Benign tailgut cyst masquerading as a hemorrhoid

Joyce M Leo 1,, Kate M O’Connor 1, Michael Pezim 2, Alexander Nagy 3, David F Schaeffer 1
PMCID: PMC4071921  PMID: 24729989

CASE PRESENTATION

A 79-year-old man presented with a 1.5-year history of a prolapsing cystic structure located within the anterior anal sphincter, clinically suggestive of a hemorrhoid. Physical examination demonstrated a cystic mass within the anterior anal verge, measuring up to 3 cm in maximum diameter. During the ensuing surgical procedure, the cystic structure was opened and contained thick purulent fluid; no solid areas were present.

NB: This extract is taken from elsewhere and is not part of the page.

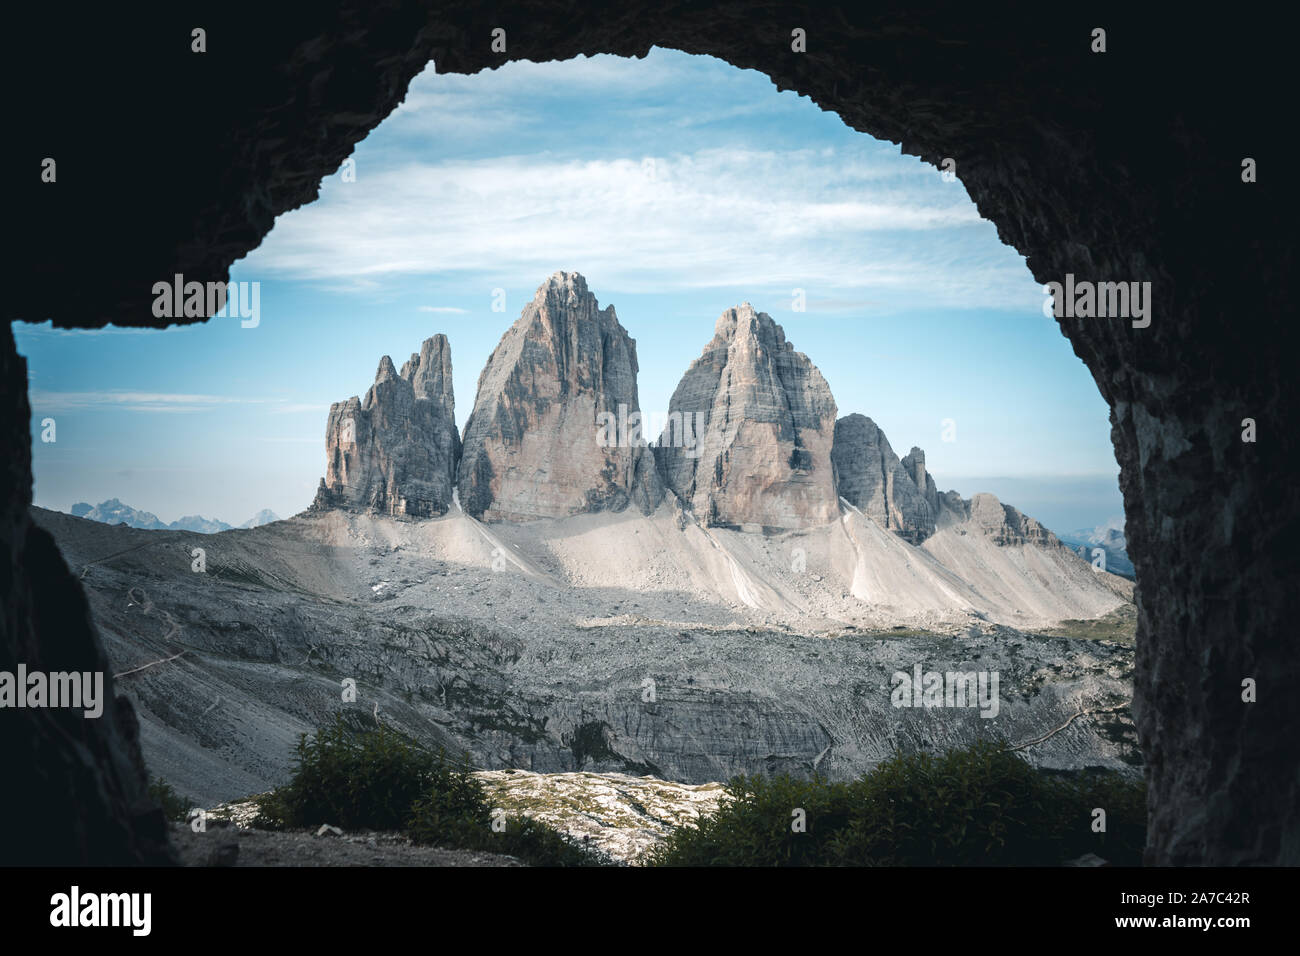 tre cime di (three peaks of) lavaredo peaks as seen from inside a cave where soldiers use to sleep during the second or first world war Stock Photo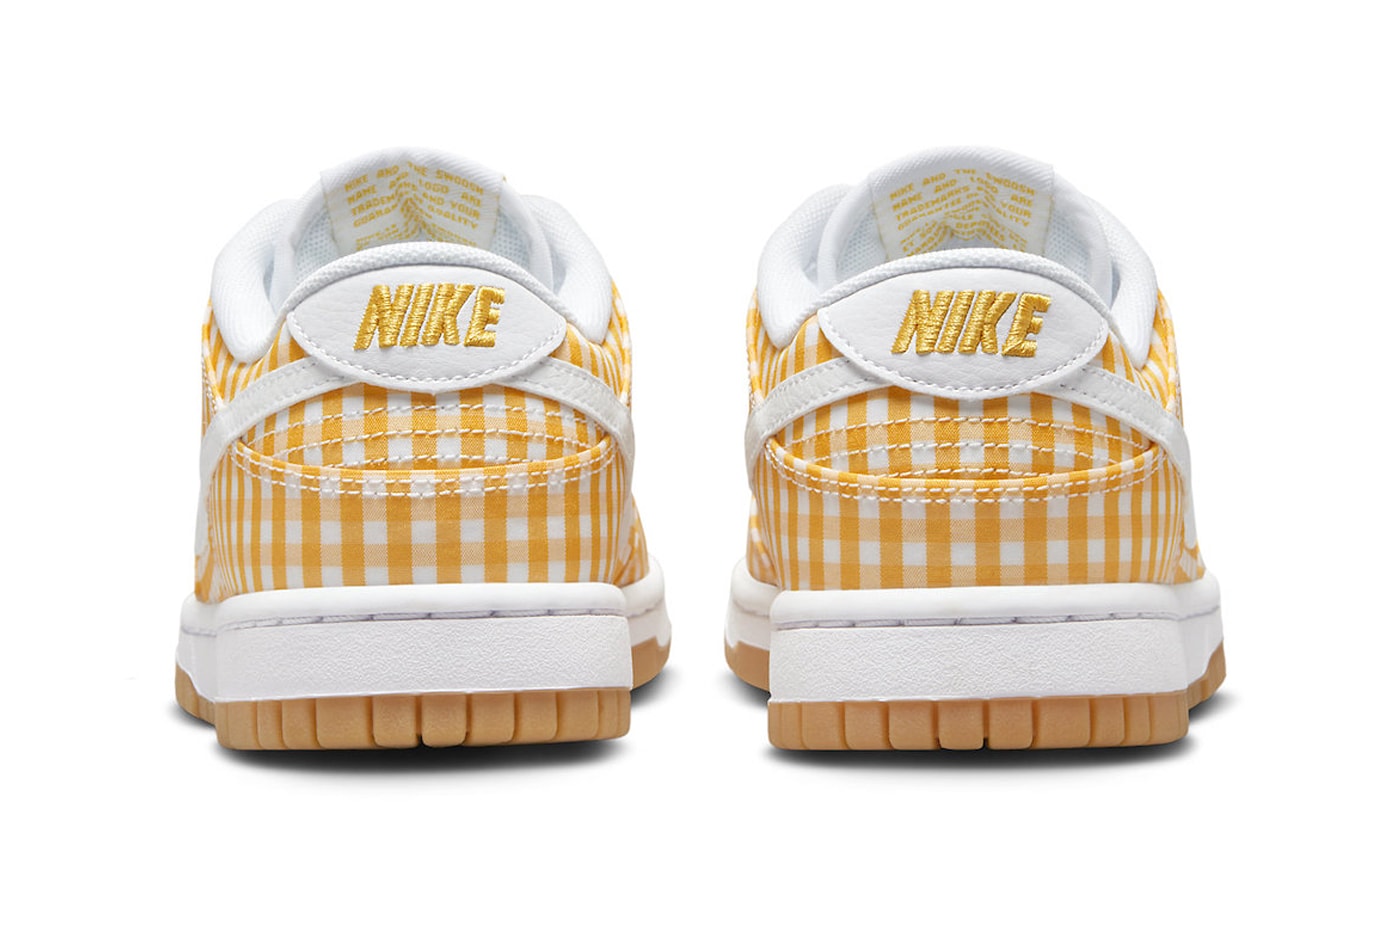 nike dunk low yellow gingham sneaker release details

The microscopic appearance (Figure 1) was of a cyst partially lined with squamous and ciliated tall columnar epithelium (short arrows) containing occasional goblet cells (long arrows); there was no evidence of dysplastic epithelial changes. Subjacent scattered bundles of fibrous connective tissue and small blood vessels were present within the cyst wall. The histological features were consistent with a benign tailgut cyst.

Figure 1).

Figure 1)

Microscopically, the low-power view (10× magnification) shows a cyst partially lined with squamous epithelium and ciliated tall columnar epithelium (short arrows) containing occasional goblet cells (long arrows). Subjacent scattered bundles of fibrous connective tissue and small blood vessels were present within the cyst wall. (Hematoxylin-eosin stain; inset: 40× magnification, scale bar 100 μm)

DISCUSSION

Tailgut cysts are cystic hamartomas that occur most commonly in the retrorectal space (also known as retrorectal cystic hamartoma) and may uncommonly occur, such as in this case, in the prerectal space (1). They are believed to develop due to failed regression of the hindgut tail during early embryonic development (2). Clinical presentation is often nonspecific, ranging from asymptomatic to local obstructive symptoms, pain or recurrent draining sinuses, fistulas or abscesses in adulthood (3). There is a female predominance (female to male ratio 3:1) with a wide age range of four to 73 years, and an average age of 35 years (2). Macroscopically, tailgut cysts range in size from 1 cm to 22 cm, and may contain keratinous or amorphous debris, mucinous material or appear empty (4). Microscopically, the cysts are often lined with varying combinations of mucin-producing columnar epithelium, ciliated columnar epithelium with scattered goblet cells, transitional epithelium and squamous epithelium (2).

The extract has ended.